Google-Suche nach umask, erster Treffer: http://linuxseiten.kg-it.de/index.php?index=bash_Der_Befehl_umask.   :Wink: 

----------

## hoschi

umask ist wie chmod, nur andersrum und gilt generell  :Wink: 

wenn du eine neue datei anlegst, haengst es von das umask des system ab welche standardrechte diese datei hat. das diskettendateisystem von microsoft von 1980 kennt keine rechteverwaltung, also setzt man die umask gesondert beim mounten.

Gutes Linux-Buch hilft.

 *Quote:*   

> umask (abbreviated from user file creation mode mask) is a function in POSIX environments which affects the default file system mode for newly created files and directories of the current process. It controls which of the file permissions will not be set for any newly created file.

 

In der Dokumentation von Gentoo wird umask auch angesprochen. Nur wo weiss ich leider nicht mehr.

----------

## AmonAmarth

 *hoschi wrote:*   

> das diskettendateisystem von microsoft von 1980 kennt keine rechteverwaltung

 

 :Shocked:   :Laughing:   :Laughing:   :Laughing: 

----------

## toralf

Bei mir funktioniert diese umask tadellos :

tfoerste@n22 ~/devel/linux-2.6 $ grep fat /etc/fstab

/dev/hda5               /mnt/D          vfat              auto,user,uid=tfoerste,gid=users,umask=0077

----------

## c_m

 *hoschi wrote:*   

> das diskettendateisystem von microsoft von 1980 

 

Du denkst aber schon dran, dass VFAT != FAT16 ist ?! ;->

----------

## Macrobiotus

Ups, da war ich wohl ungenau   :Rolling Eyes: 

umask ist relativ klar, aber 0000    :Confused: 

----------

## hoschi

 *AmonAmarth wrote:*   

>  *hoschi wrote:*   das diskettendateisystem von microsoft von 1980 kennt keine rechteverwaltung 
> 
>    

 

FAT ist und war nie fuer Festplatten, geschweige den fuer Datentraeger mit mehr als 2 MB gedacht.
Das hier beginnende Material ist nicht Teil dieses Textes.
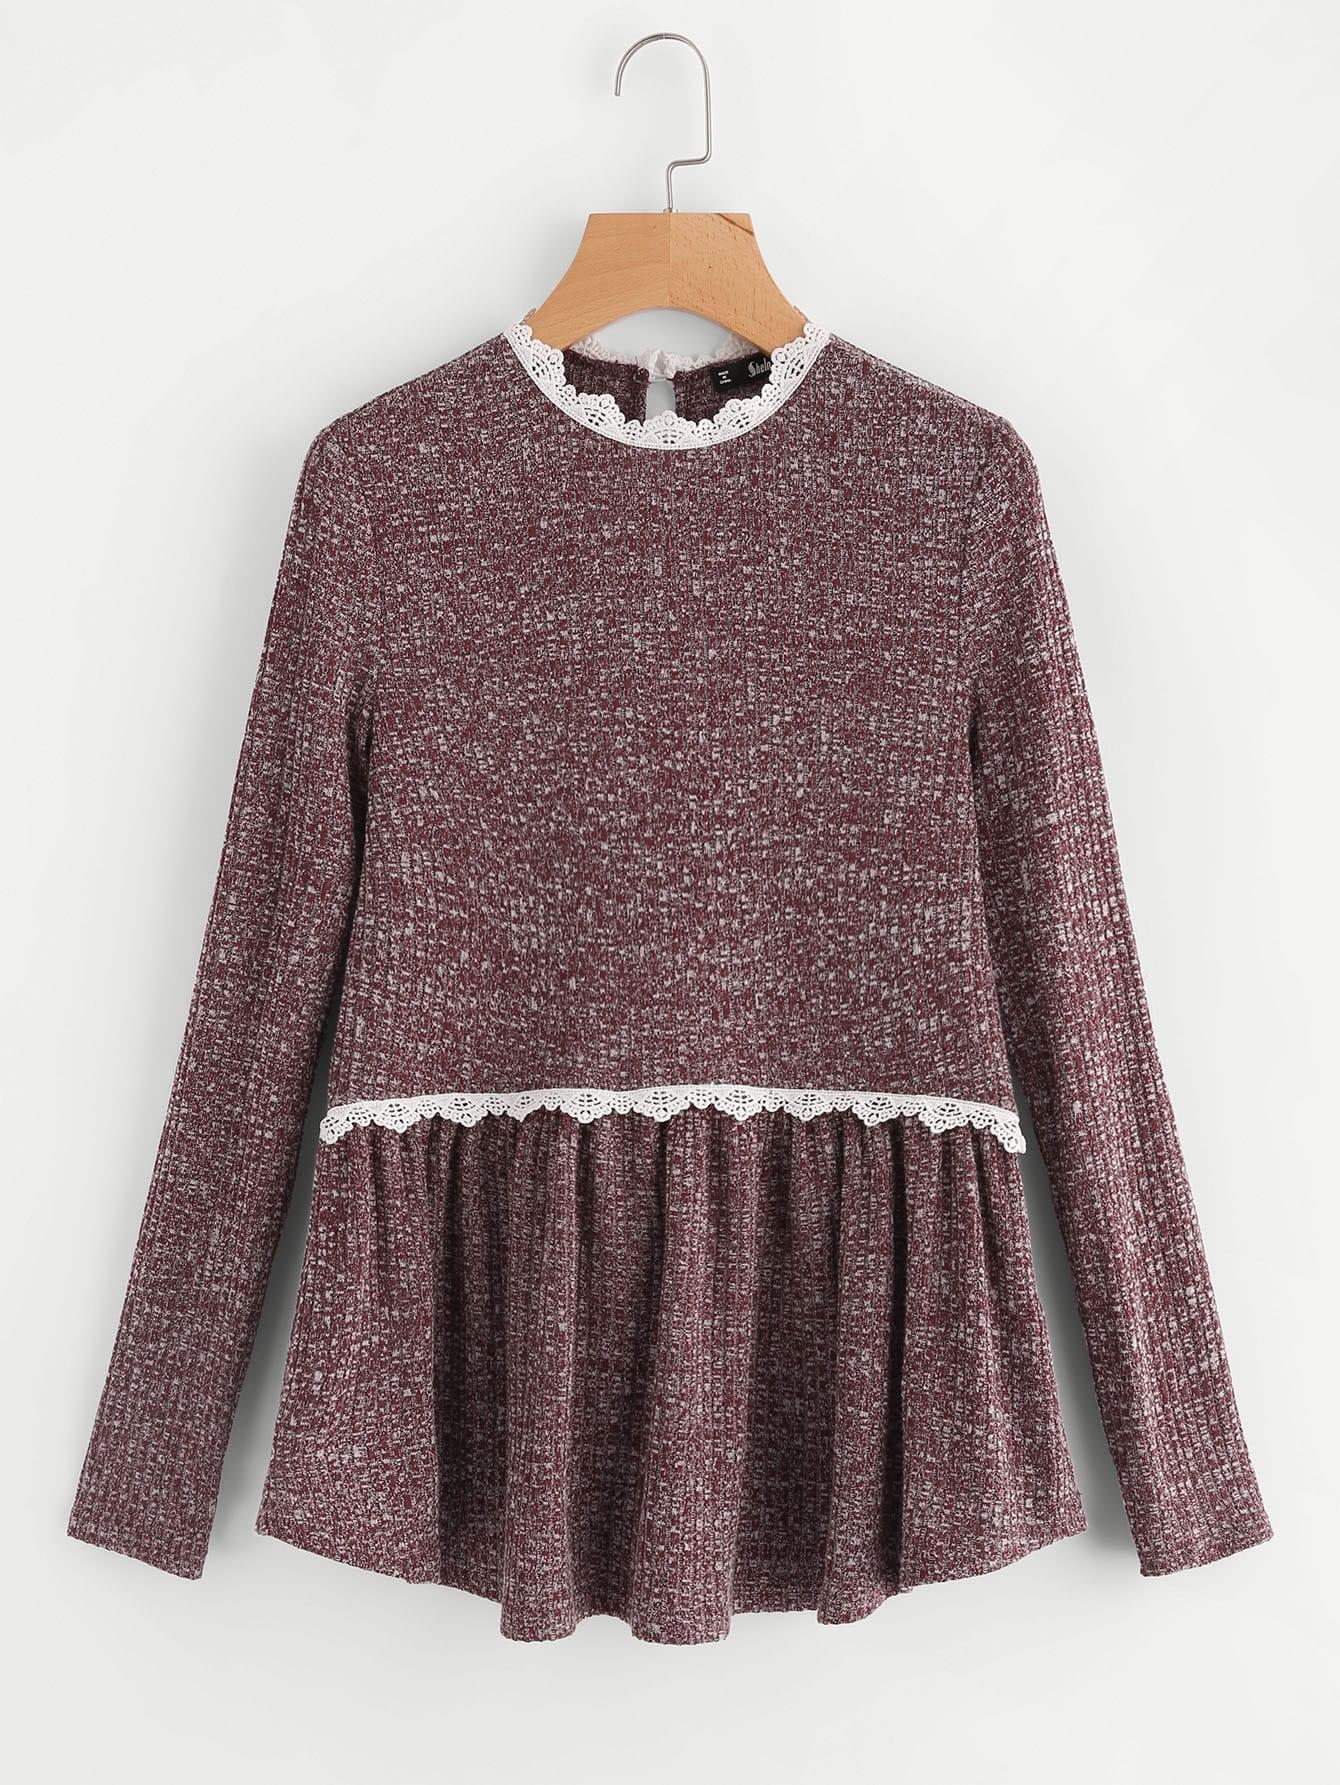 Lace Trim Marled Knit Smock Tee tee170808701

Aber bei Microsoft wundert einem das ja auch nicht.

 *c_m wrote:*   

>  *hoschi wrote:*   das diskettendateisystem von microsoft von 1980  
> 
> Du denkst aber schon dran, dass VFAT != FAT16 ist ?! ;->

 

Ein wahrer Fortschritt  :Mr. Green: 

Fuenfzehn Jahre spaeter, Microsoft vergewaltigt gerade die IT-Welt mit einem 16/32-Bit Krueppel mit dem Namen Windows95 (MS-DOS mit Klickibunti), und da heben die glatt das 8+3 Zeichenlimit auf   :Rolling Eyes: 

----------